第138話 通過する影

 つい最近なんですが、息子のアパートに行く用事がありまして、彼の部屋に上がったんですよね。

 私、ちょっと気になる事があったんです。

 以前、ここでもお話を紹介させてもらったんですが、彼が赤いパーカーを着たニキの幽霊を見た場所をちゃんと確認したかったんです。

 見たからどうなるって訳じゃないんですけどね。よく言う霊道があるとかないとかは、私が見ても分かりませんですし。せいぜい、嫌な感じがするとか、どおおおんと気が重くなる程度なので。
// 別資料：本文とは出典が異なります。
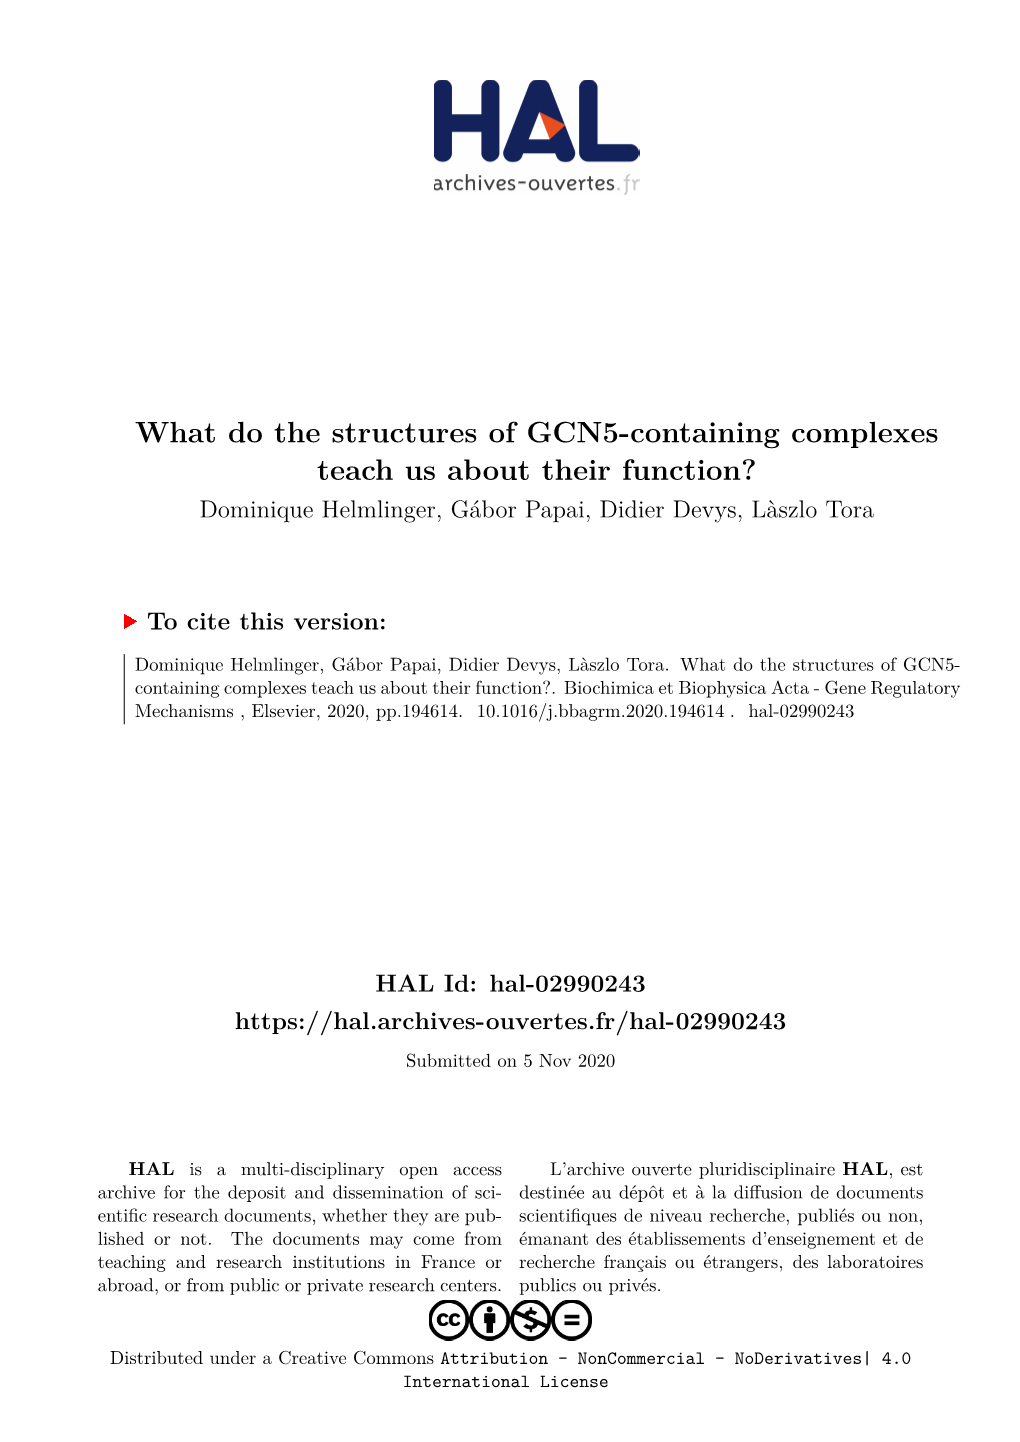 What Do the Structures of GCN5-Containing Complexes Teach Us About Their Function? Dominique Helmlinger, Gábor Papai, Didier Devys, Làszlo Tora

 内見時には私も見ているので、そんな感じは無かったですから、間違いなく彼の体質のなせる技なのでしょう。

 霊媒体質というか、引き寄せタイプというか。

「ニキはどの辺に立ってたの? 」

「ここだよ」

 息子が示したのは、寝室のど真ん中でした。寝室と居間の間には襖があるんですが、彼はそれを開けっぱなしにしていて目撃したそうです。

 でも、寝室を見たとて変な感じは無し。

「あれからも出るの? 」

「出ないよ。あれ一回だけ」

「そう・・・」

 じゃあ、ただ単に通りすがりの霊ちゃんて感じなのか。

「でもねえ、最近、黒い影が通り過ぎるんだよね。あれは嫌だな」

 息子が困った表情で和室の方を見ました。

「それって、ヤバい奴じゃないのか!? 何回も通るの? 」

「うん。でも嫌な感じはしないし、何も悪さはしてこないから」

 悪さしないとはいえ・・・。確かに、金縛りとかも無いようですから、ただただ通過しているだけなのか。

「まだ白い珠位ならな。最近、俺の部屋でもたまに何か飛んでるけど、まあ、嫌な感じはしないから」

「白い珠も飛ぶねえ。前に居間で飛んでた」

 笑みを浮かべる息子に呆れたと言うかなんというか・・・他の方が聴いたらなんて思うのか。

 普通なら不思議な出来事でも、彼にとっては日常茶飯事のようです

 でもね、おまえも一緒だわと言われそうな気もせんでもないです。

「この話、まだ聞いてなかったぞ。どうして教えてくれなかったの? 」

「いやあ、エピソードに乏しくてさ。文章にするにはどうかと思って」

 さらっと言ってのける彼。

 いや、十分です。これだけ具だくさんなら、十分文字に起こす価値がある。

 また何かあったら呼んでくれと言い残し、私は彼のアパートを後にしました。

 実際呼ばれても、私には何も出来ないんですが・・・。

 せいぜい、話のネタを聞かせてもらった御礼に飯を奢る位です。

 また時間が合えば、彼にパワースポット巡りに同行してもらおうかと企んでいます。

 我々二人が揃うと何かと不思議な事が起きるので、それを期待して。

 こんなこと言っちゃあ、ばちが当たりそうですけど。